Cancer Causes Control. 2018 Nov;29(11):1131-1142. doi: 10.1007/s10552-018-1090-4. Epub 2018 Oct 12.

Abstract

Immunological parameters that influence susceptibility to virus-associated cancers in HIV-seronegative individuals are unclear. We conducted a case-control cohort study of immunological parameters associated with development of incident virus-associated cancers among 532 HIV-seronegative men who have sex with men (MSM) enrolled in the Multicenter AIDS Cohort Study (MACS) with median (IQR) 21 (8-26) years of follow-up. Thirty-two incident virus-associated cancers (anal cancer, non-Hodgkin lymphoma, liver cancer, other cancers with etiologies linked to human papillomavirus, Epstein-Barr virus, hepatitis B virus, or human herpesvirus-8) were identified among 3,408 HIV-seronegative men in the MACS during 1984-2010. Cases were matched for demographics, smoking, and follow-up to 500 controls without cancer. Mixed-effects and Cox regression models were used to examine associations between nadir or recent CD4, CD8, and white blood cell (WBC) counts or CD4:CD8 ratios and subsequent diagnosis of virus-associated cancers. Men with incident virus-associated cancers had lower CD4 and WBC counts over a 6-year window prior to diagnosis compared to men without cancer (p = 0.001 and 0.03, respectively).
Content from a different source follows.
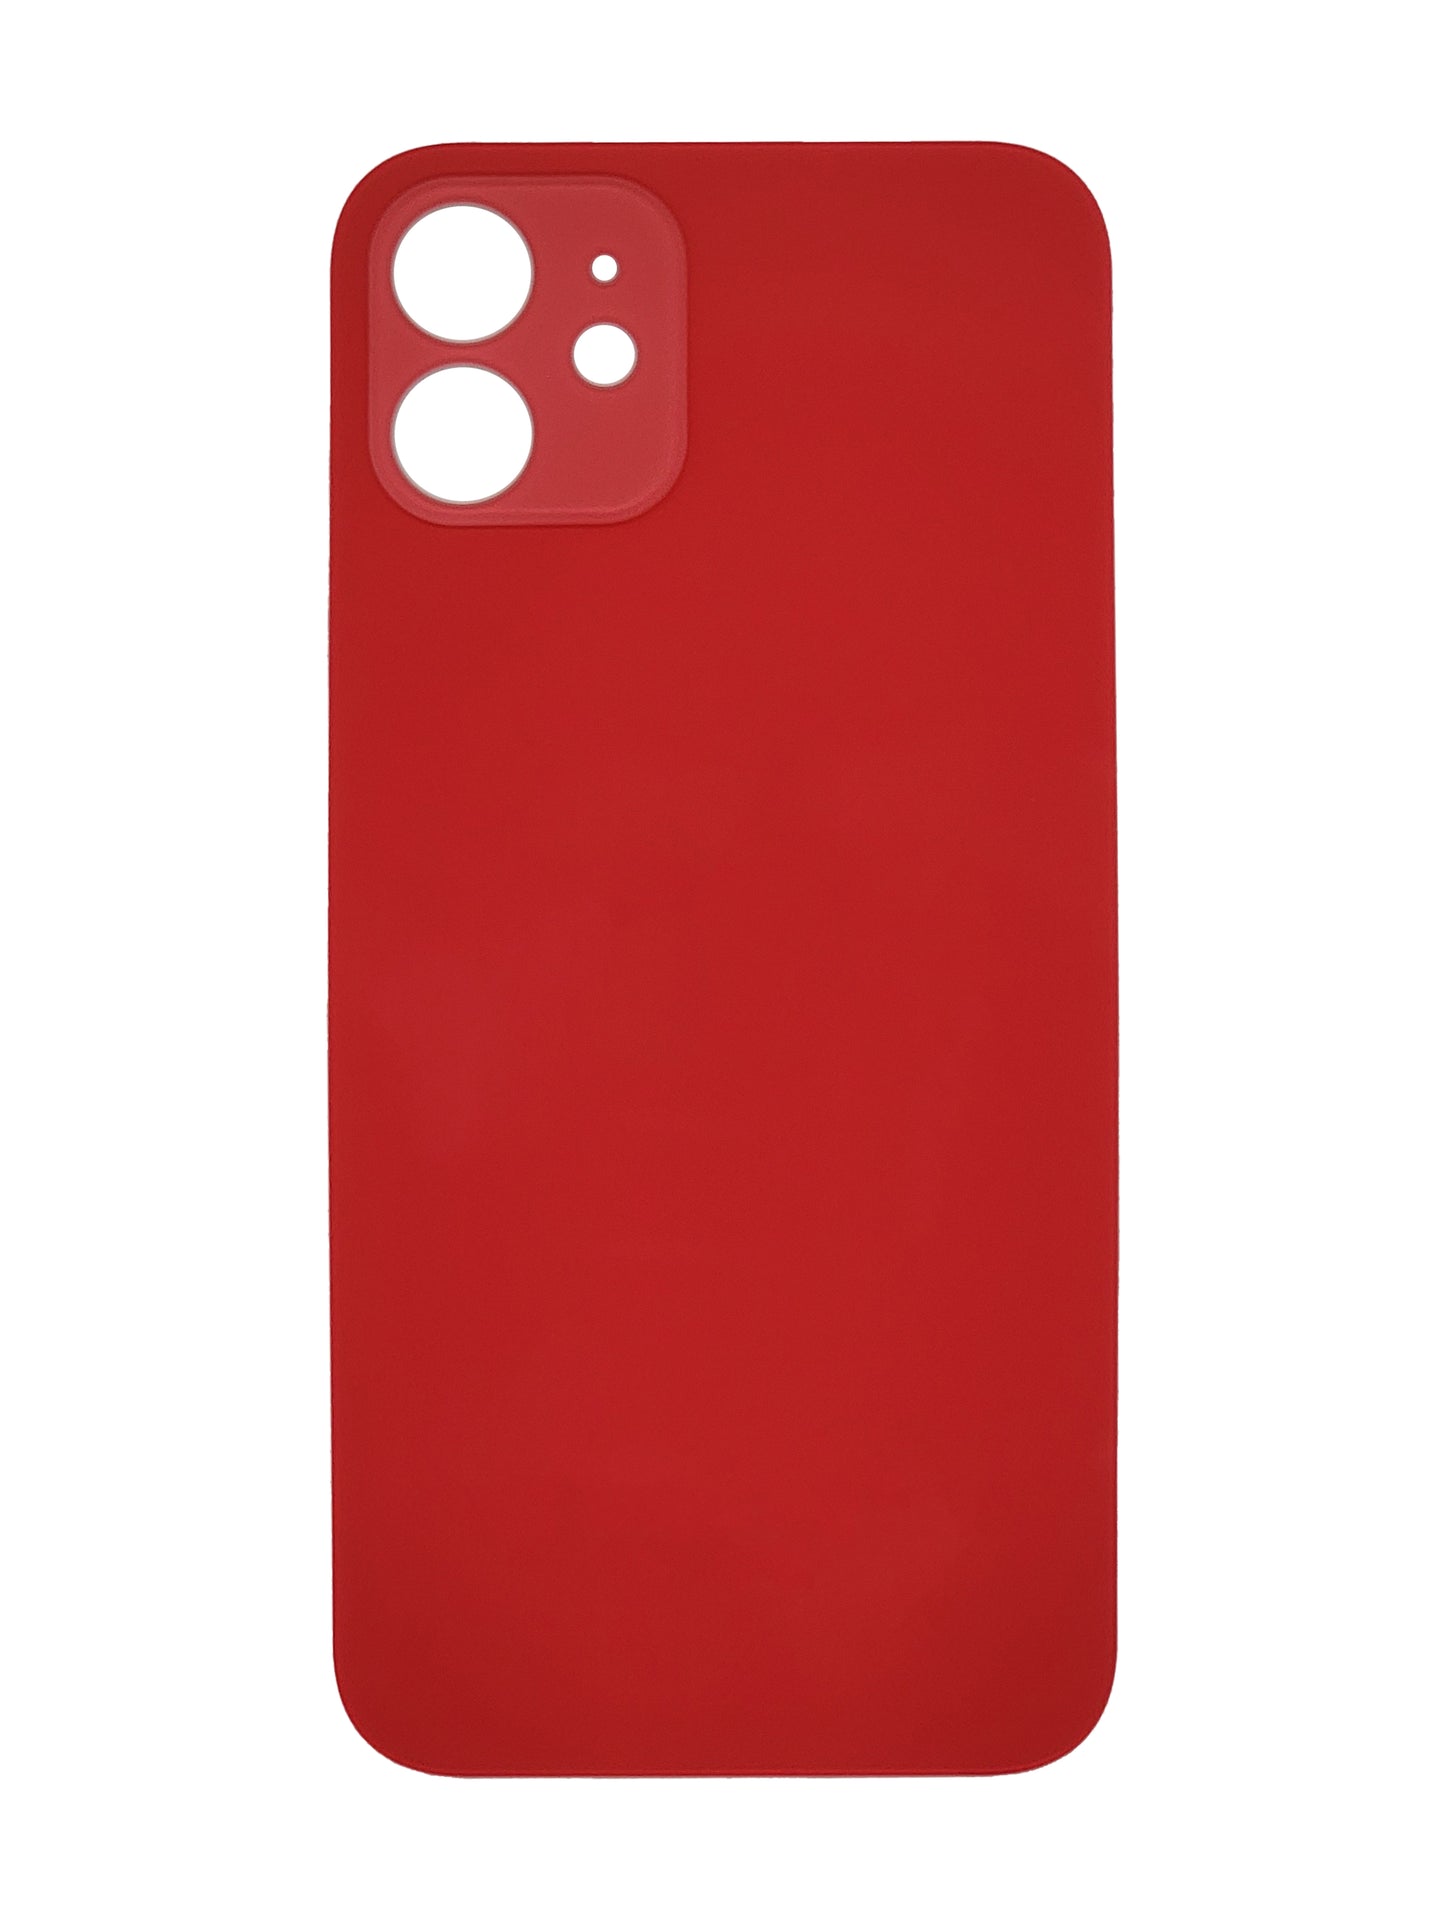 iPhone 12 Back Glass (No Logo) (Red)

Low CD4 cell count and nadir, CD4 count-nadir differential, and CD4:CD8 ratio nadir were associated with increased 2-year risk of incident virus-associated cancers in models adjusted for demographics and smoking (hazard ratios 1.2-1.3 per 100 or 0.1 unit decrease, respectively; p < 0.01). Other associated factors included heavy smoking and past or current hepatitis B virus infection. These findings show that low CD4 cell counts, CD4 nadir, and CD4:CD8 cell ratios are independent predictors for subsequent risk of virus-associated cancers in HIV-seronegative MSM.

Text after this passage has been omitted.